2) Z substituent category

Z is restricted to a closed set of substituents: amino and substituted amino/alkylamino/dialkylamino/cycloalkylamino/aryl/aryalkyl amino and O-analogues (alkyloxy/aryloxy/aralkyloxy). The claim also states conditions under which Z “is not amino.” This creates a potential design-around lever if a candidate analogue shifts Z toward a non-amino equivalent or removes amino functionality that is required under the relevant D-amino condition.

3) D-amino vs L-amino condition logic

The claim uses conditional blocks. For infringement analysis, a key question becomes whether the candidate’s residue selection triggers:

the obligation that one or more positions be D-amino acids, and/or
the “Z is not amino” outcome for alternative residue sets.

From a landscape standpoint, even slight residue-position changes can shift whether the peptide maps into the stereochemical conditions in subparts.

4) “Provided that” blocks narrow otherwise broad templates

The templates otherwise look broad because A1-K1 ranges are permissive. The conditional “provided that when…” language functions as a narrowing mechanism that must be respected for strict anticipation under patentability or for literal infringement mapping.

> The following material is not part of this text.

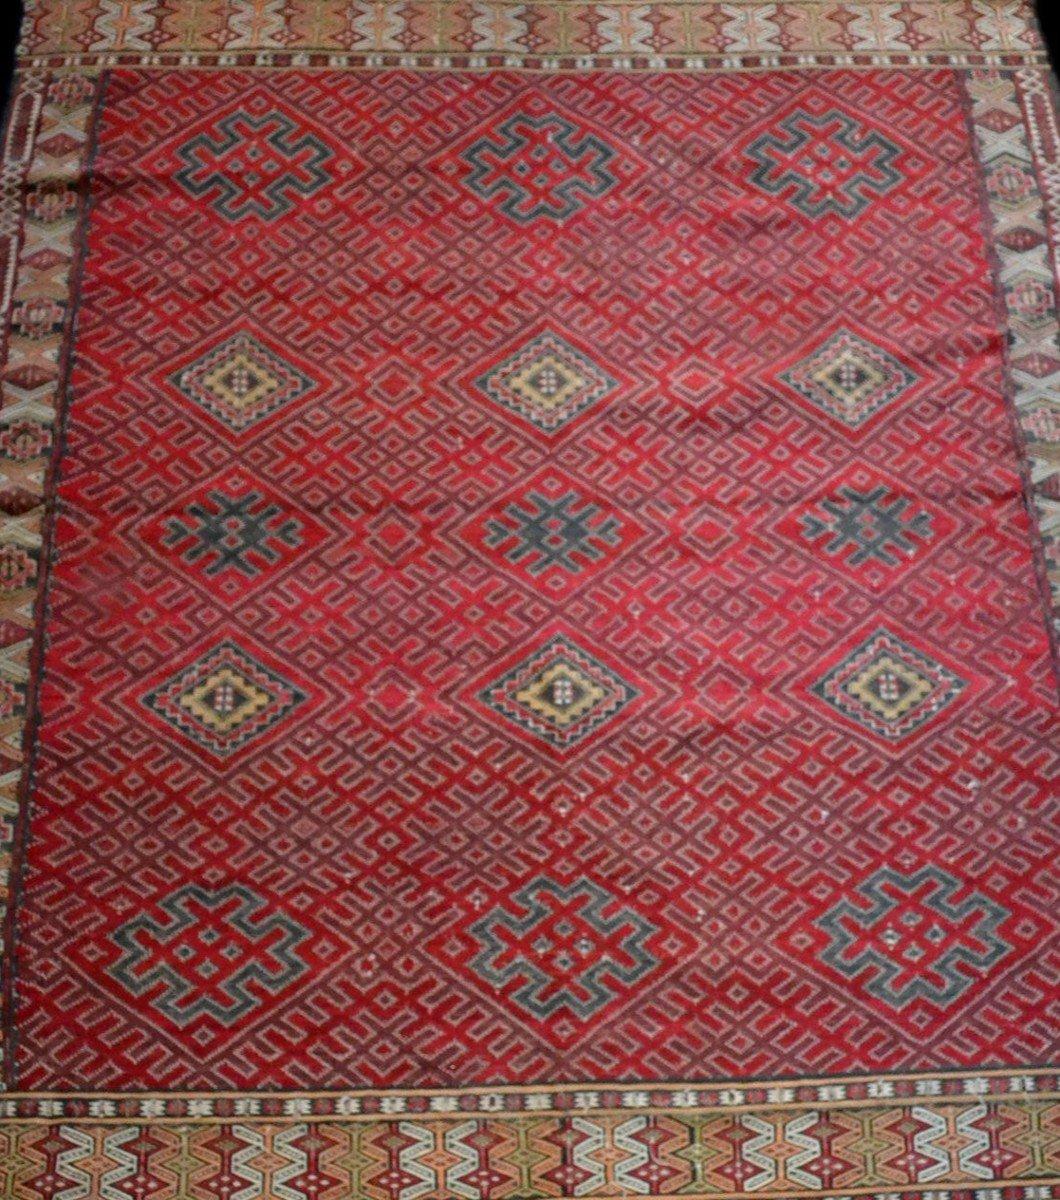 Important Hanbel, tapis ancien, tribu Zemmour, Moyen-Atlas, Maroc, 210 cm x 323 cm, 1950/1960 -photo-1

Amylin-agonist patent landscape: how this claim style fits the broader playbook

Without adding unsourced external document specifics, the landscape conclusion you can draw from US 7,407,934’s claim architecture is that it is built to control a class of engineered amylin analogues through:

Template-defined peptide sequence scope (variable residues constrained by position)
Connection chemistry requirement (X-Y intramolecular linkage must be disulfide/lactam/thioether)
Stereochemical conditions (D-amino substitutions only under specified residue combinations)
Terminal/side-group substituent constraint (Z restricted to a defined amino/alkylamino/alkoxy family and sometimes prohibited from being amino)

This style is designed for broad enforcement against next-generation analogues that remain within the same structural logic but vary residue by residue within the allowed families.

Practical implication for R&D portfolios: development of new amylin agonists that reduce postprandial glucose will likely be contested if the candidate peptide can be translated into the claim’s template positions and still satisfies the intramolecular linkage and Z category constraints.

Key Takeaways

US 7,407,934 is a method-of-use patent covering treatment to reduce or moderate postprandial glucose rise using an amylin agonist analogue.
The analogue scope is controlled by four template families centered on SEQ ID NO:42, 44, 45, and 31, with X-Y intramolecular linkage limited to disulfide, lactam, or thioether, and with Z restricted to specific amino/alkoxy categories.
Multiple claims (1-5) are structured to capture broad peptide permutations while conditional “provided that when…” clauses enforce D-amino vs L-amino requirements and sometimes prohibit Z being amino under specified residue sets.
Claims 6-7 enumerate specific amylin analogues by name/SEQ, tightening enforcement against direct hits.
Claims 8-25 and 27-29 restrict use to diabetes populations (type 1 and type 2) without changing the core method logic.

FAQs

1) Is US 7,407,934 a composition or method patent?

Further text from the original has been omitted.